I like rust and know that there are tons of rust libraries out there. However, when a friend recently asked me if there are any projects that use rust to build programs&#x2F;applications&#x2F;web services&#x2F;projects, I couldn&#x27;t really name more than Servo.<p>Which projects do sucessfully use Rust?
======
pdx
SAFE Network is now going to rust. These guys are porting all their code from
C to Rust and really loving the experience.

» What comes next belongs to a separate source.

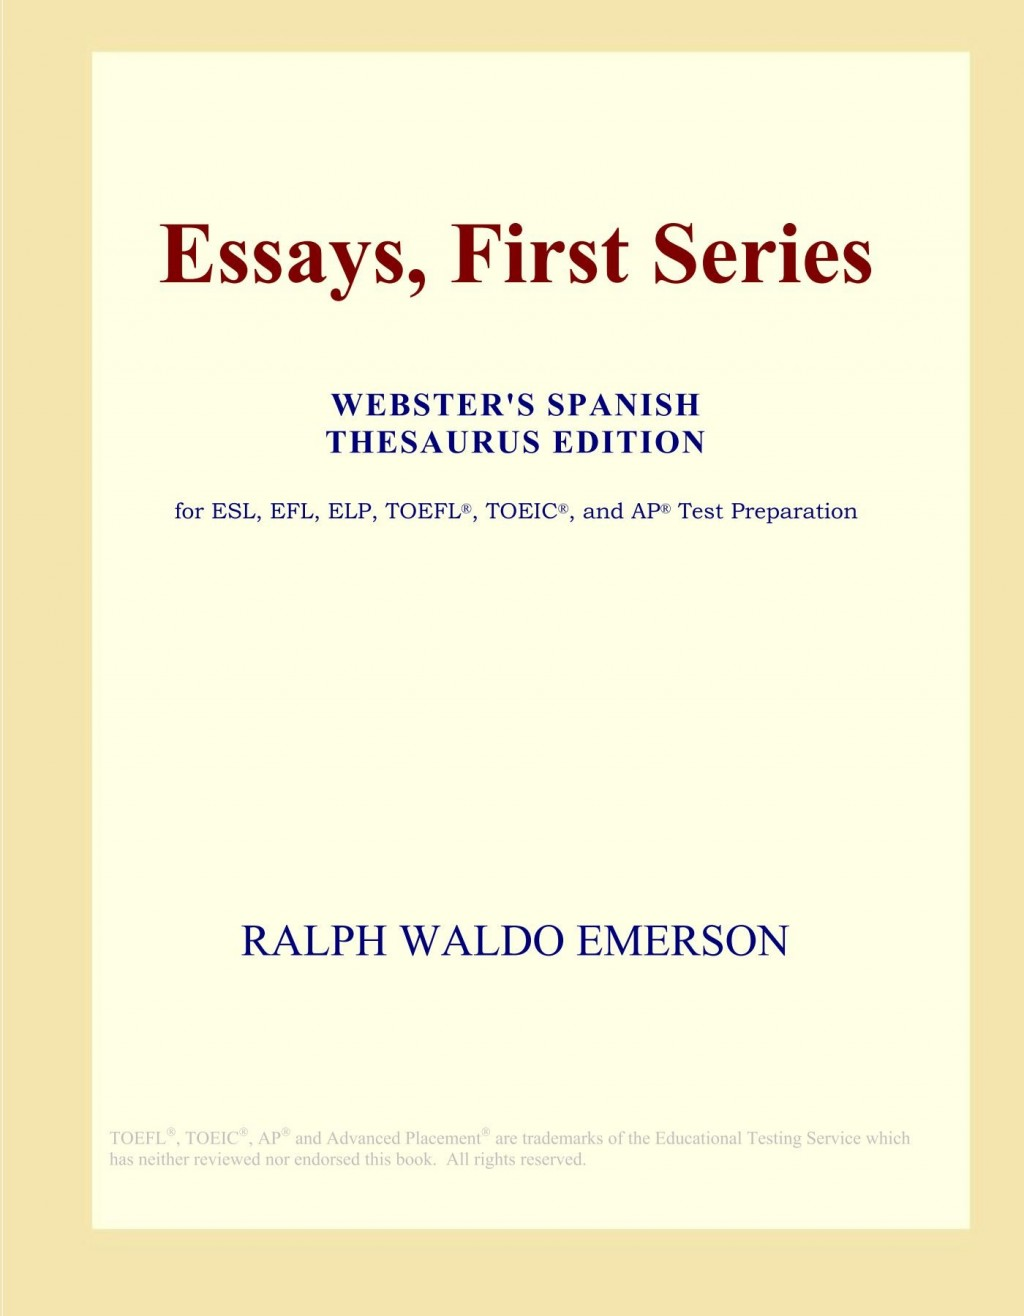 024 Essay Example 61cjxhnthzl Essays First Stunning Series Emerson Pdf Shelburne Publisher Large

They are making their libraries
stand-alone so they can easily be incorporated in other open source projects
as well.

Wiki:
[https://safenetwork.wiki/en/Libraries](https://safenetwork.wiki/en/Libraries)

Github:
[https://github.com/search?utf8=%E2%9C%93&q=user%3Amaidsafe+l...](https://github.com/search?utf8=%E2%9C%93&q=user%3Amaidsafe+language%3Arust&type=Repositories&ref=searchresults)

------
squiguy7
These may count as libraries, but they are all building blocks for bigger
projects.

Game engine: [http://www.piston.rs/](http://www.piston.rs/)

HTTP library: [http://hyper.rs/](http://hyper.rs/)

Vim like editor:
[https://github.com/mathall/rim](https://github.com/mathall/rim)

Also, the built with Rust webpage:
[http://builtwithrust.com/](http://builtwithrust.com/)

------
honest_joe
Well the language has just got stable only recently so it's only natural any
real world projects were not that eager to adopt it.

Another thing is that a compiler has to be yet optimized as the performance is
not that great compared to other "mature" solutions.

------
marcofiset
The Servo browser engine:
[https://github.com/servo/servo](https://github.com/servo/servo)